Omit every picture, then return the listing verbatim.

══ Material provided

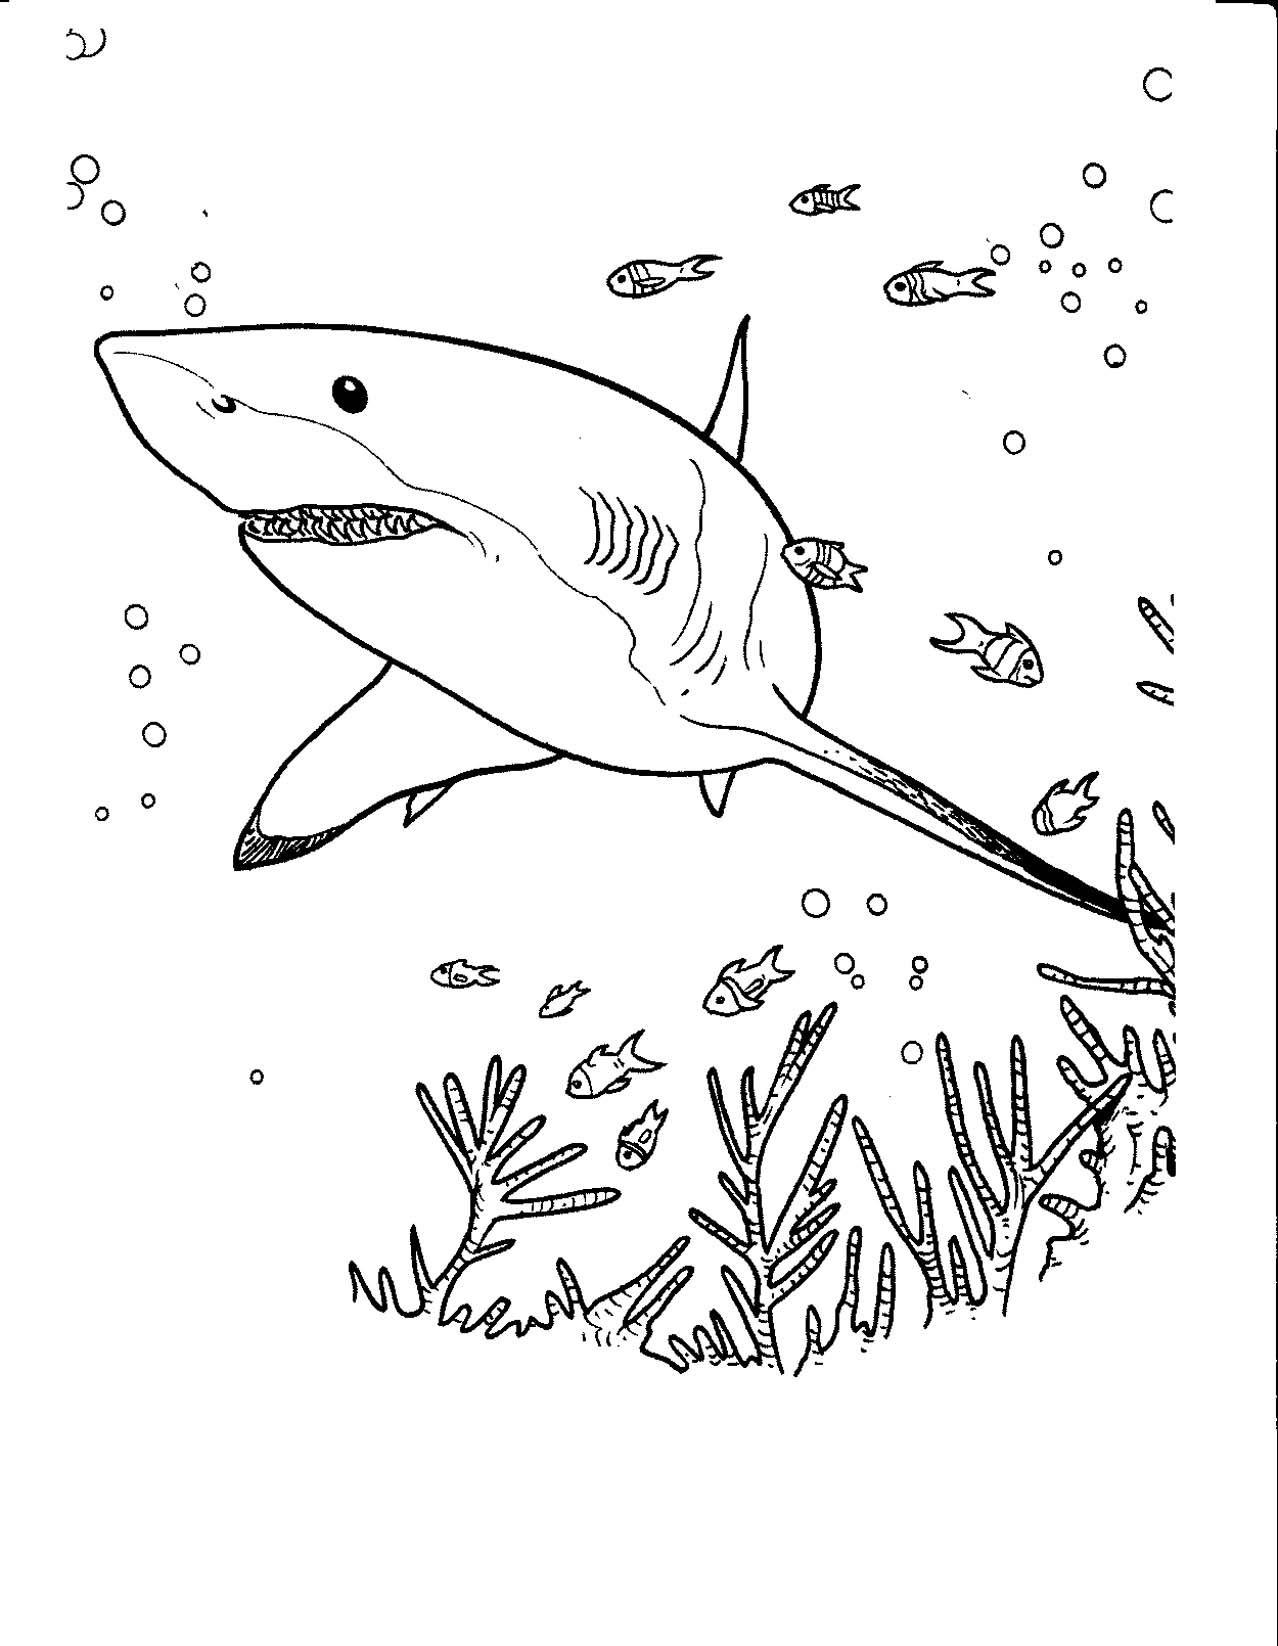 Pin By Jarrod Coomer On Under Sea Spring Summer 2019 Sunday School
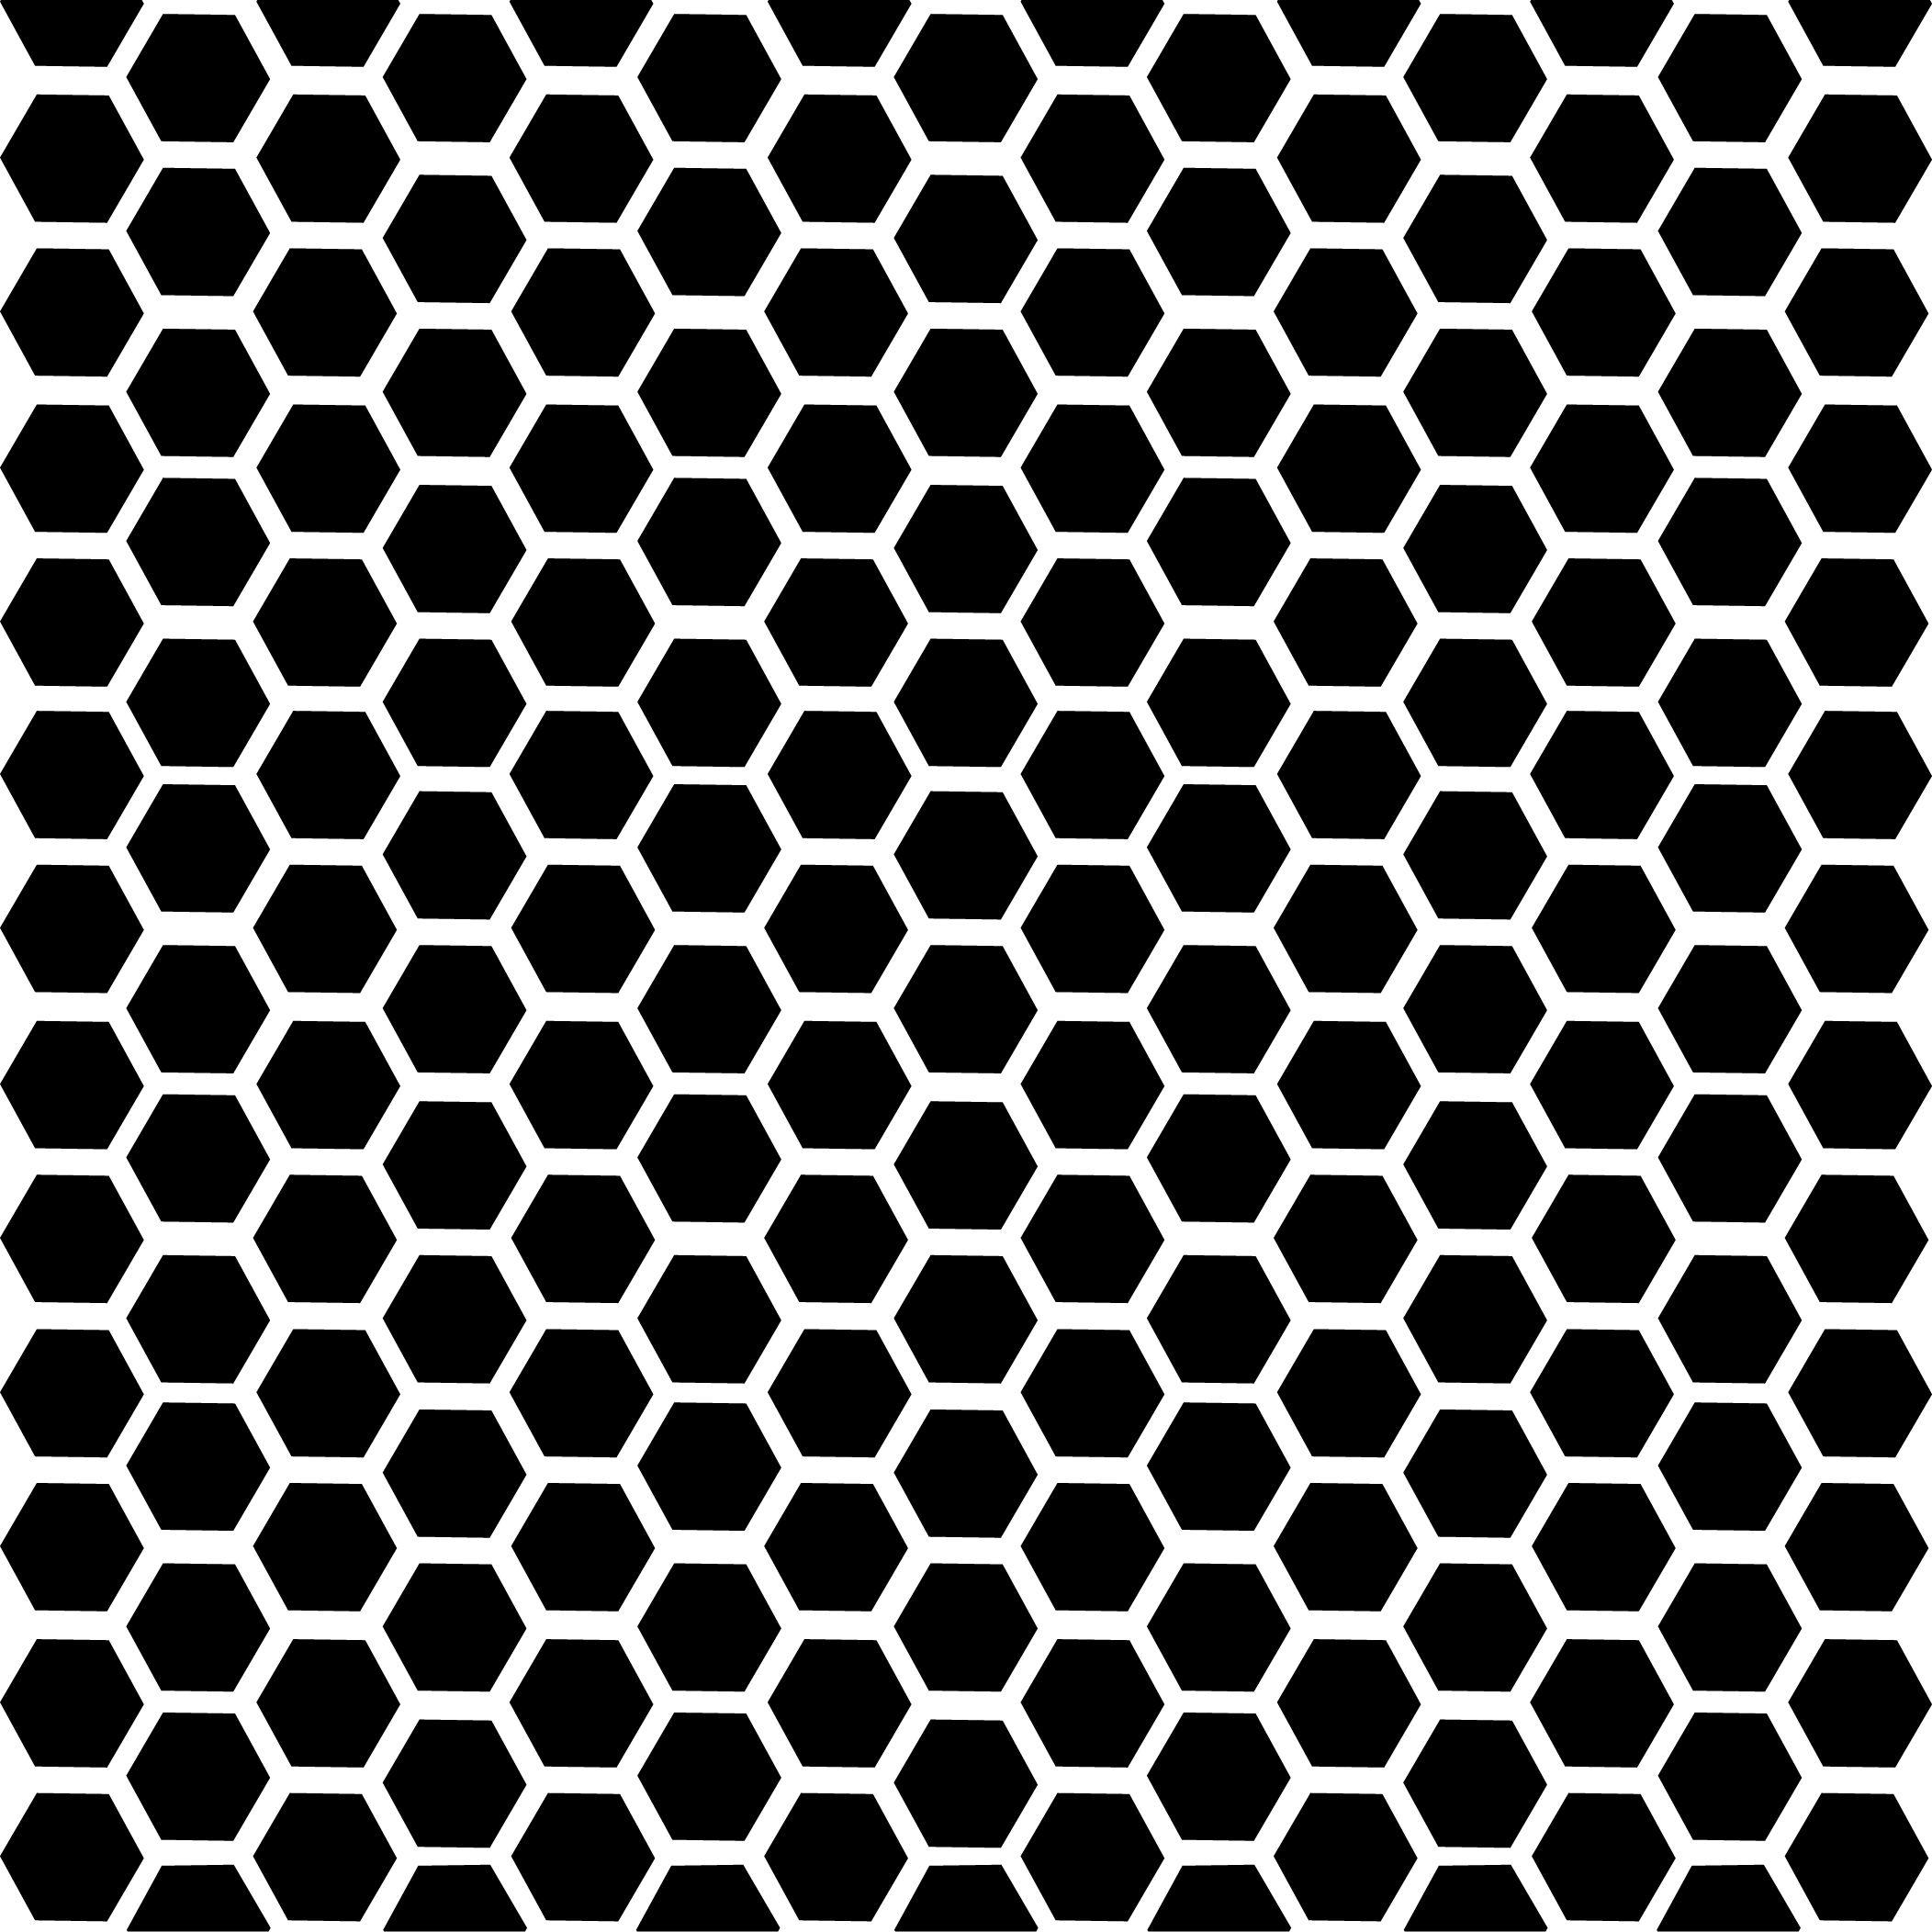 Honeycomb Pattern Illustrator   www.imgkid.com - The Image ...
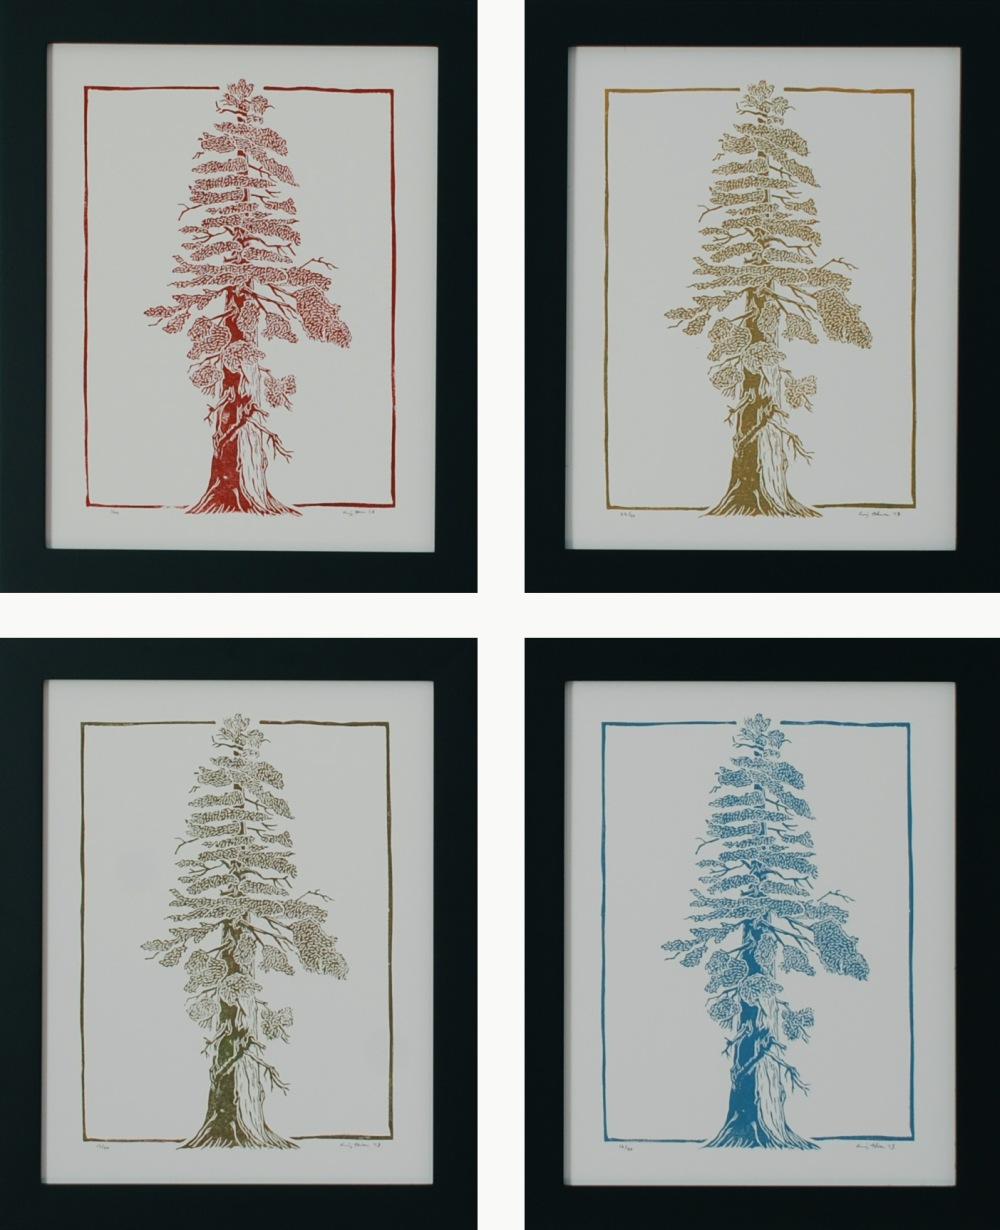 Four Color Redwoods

════

> **Exercise solution**:
 Pin By Jarrod Coomer On Under Sea Spring Summer 2019 Sunday School
 Honeycomb Pattern Illustrator   www.imgkid.com - The Image ...
 Four Color Redwoods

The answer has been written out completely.